An ab initio study of some hydrogen-bonded complexes of chloroform and bromoform: red-shifted or blue-shifted hydrogen bonds?

Abstract

The properties of the hydrogen-bonded complexes of chloroform and bromoform with ammonia, water, hydrogen fluoride, phosphine, hydrogen sulphide and hydrogen chloride were studied by means of ab initio calculations. The properties of interest were the molecular structures, the interaction energies, the vibrational spectra and the nature of the orbital interactions involved in the formation of the complexes. Of particular interest was the determination of whether the various interactions exhibited red-shifted or blue-shifted hydrogen bond behaviour. The complexes optimized in three distinct structural models, singly bonded, cyclic and cage. The interaction energies, in the main, varied systematically with changes of the haloform and of the partner molecules. Changes of the CH or YH (Y = N, O, F, P, S and Cl) bond lengths correlated in most cases with the interaction energies, subject to some inconsistencies, with opposite behaviour being shown by the two sets.
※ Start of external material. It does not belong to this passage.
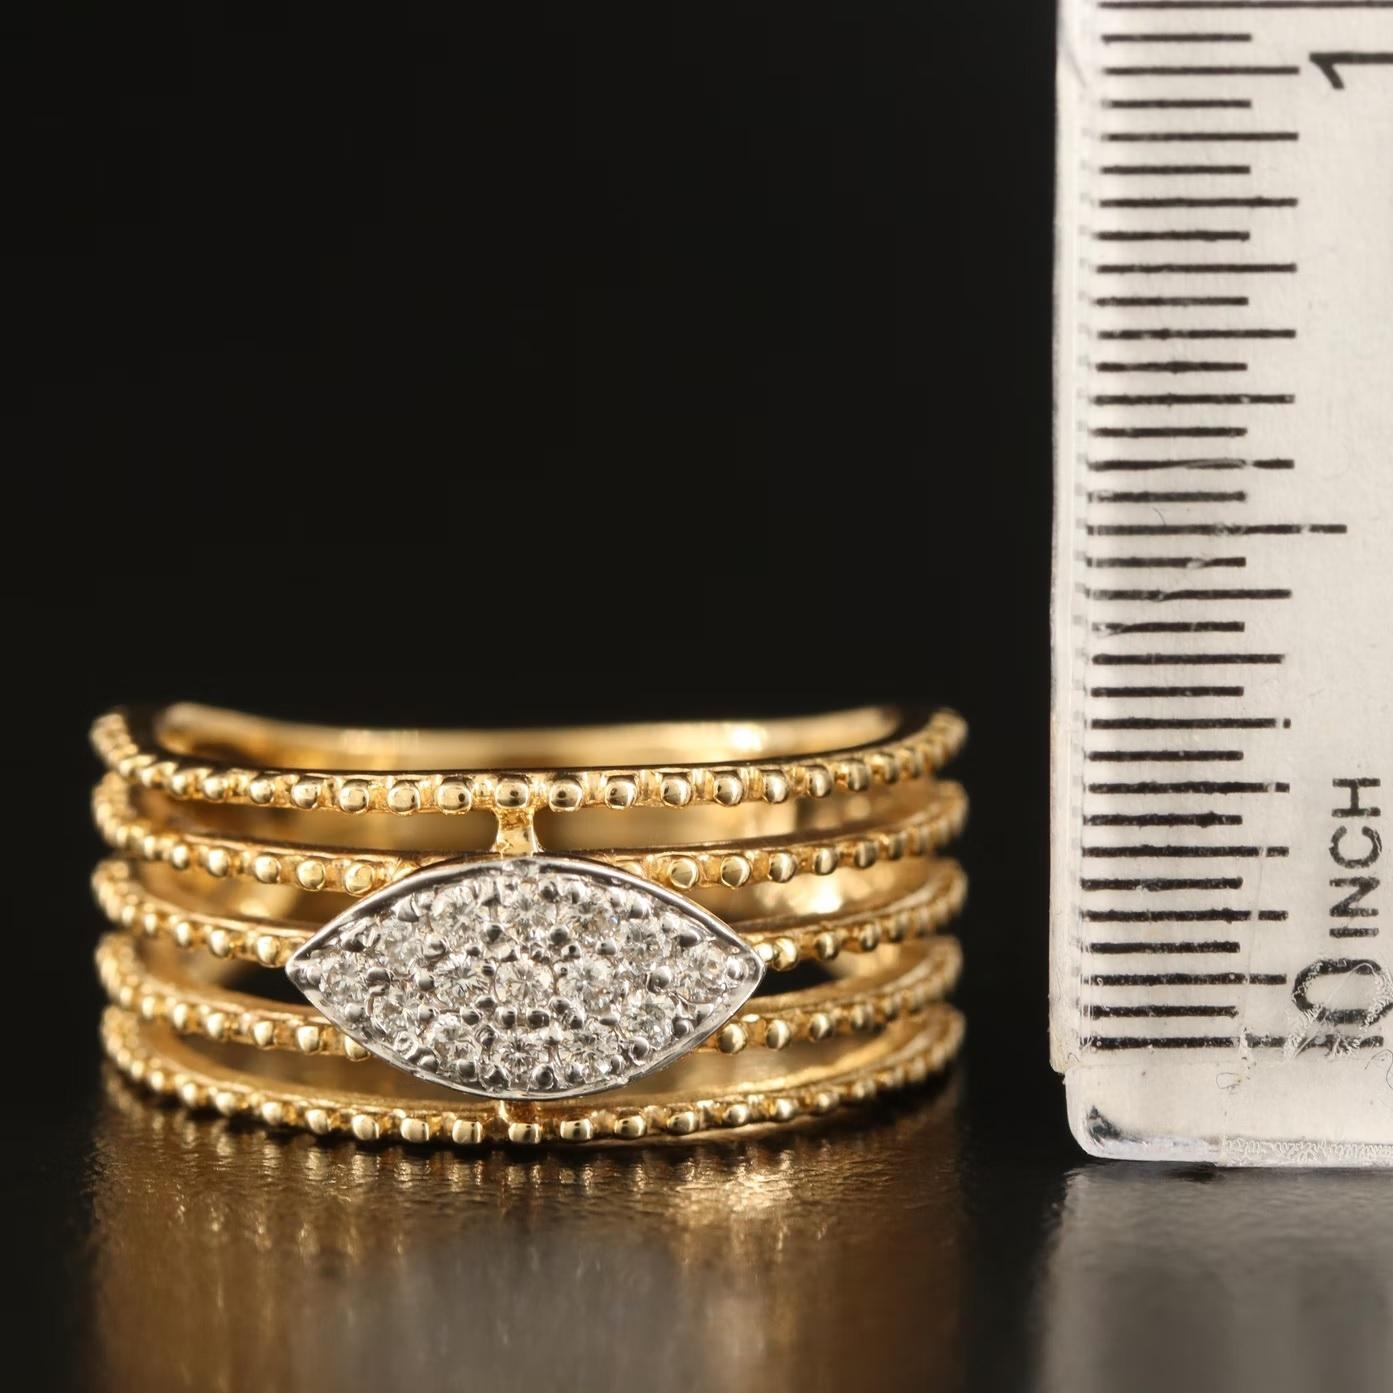 $4450 / Neu / Sonia Bitton Designer Diamantring / 14K Gold Damen

Similarly, the CH and YH stretching wavenumber shifts also displayed a dependence on the interaction energies, tracking with the bond length changes. Based on the diagnostic utility of these structural and spectroscopic properties, the complexes were found to be almost exclusively red-shifted, for binding through both the CH and YH groups. The orbital interactions responsible for the stability of the complexes were determined to be donation from a Y atom lone pair orbital of the partner molecule to a CH σ antibonding orbital and from a X lone pair orbital (X = Cl and Br) of the haloform to a YH σ antibonding orbital.